ПОСВЯЩЕНИЕ
Привлеченный опубликованными транзакциями клуба, наш друг Лоутон представился в штаб-квартире ближе к обеденному времени и объявил себя кандидатом в члены. Было спешно созвано исполнительное заседание. Эндимион сообщил кандидату новость, что от новичков в этой избранной организации ожидается, что они угостят клуб обедом. К удивлению клуба, наш радушный гость не съежился и не дрогнул. Его лицо было мягким, а поведение — в высшей степени амбициозным. Очень хорошо, сказал он; лишь бы это не было кафе «Beaux Arts».
Маршрут клуба на этот день был уже составлен секретарем. Два члена-учредителя плюс жизнерадостный послушник направились по Вест-стрит к парому на Кортландт-стрит. С самого начала было ясно, что судьба одарила организацию новым членом самого блестящего качества.
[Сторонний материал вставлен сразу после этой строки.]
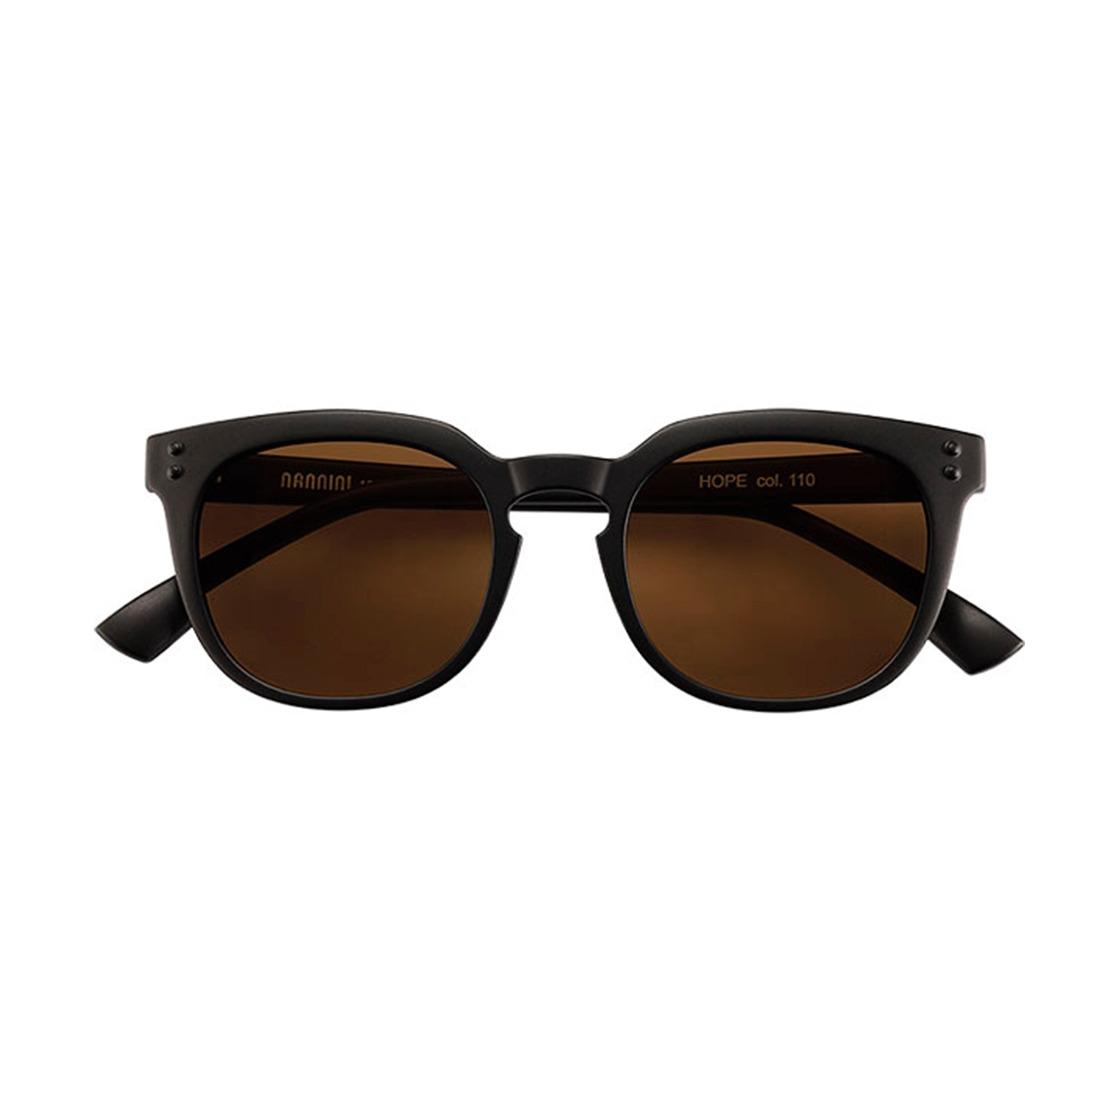 54913aaca0 Lentes Nannini Gafas De Sol Hope - $ 2,279.00 en Mercado Libre

Каждые несколько ярдов с его уст слетала галантная острота. Некоторые из них двое других могли подхватить и вернуть, но многие были слишком сверкающими, чтобы с ними справиться. Перед зданием паромной переправы лежала глубокая и вязкая лужа грязи, которую можно было пересечь, только осторожно ступая по листам жести. Эндимион переправил свою тонкую фигуру через нее, деликатно расставив паучьи конечности. Секретарь последовал за ним с более солидной техникой чавканья. «Ха», — воскликнул новый член; «благодать перед едой!» Эндимион и секретарь обменялись тайными взглядами. Лоутон, хотя он этого не знал, был избран с того самого момента.
Ритуал клуба, хотя и строг к новичкам, не является жестоким. Поскольку вы казначей обеда, сказал секретарь, я куплю билеты на паром, и он это сделал. На лодке эти беззаботные люди весело взирали на корабли. «Мало я думал», — сказал Лоутон, — «что отправлюсь в морское путешествие». «Такие уж мы ребята», — сказал клуб. «Причудливые. Как только мы что-то задумываем, мы этого не делаем».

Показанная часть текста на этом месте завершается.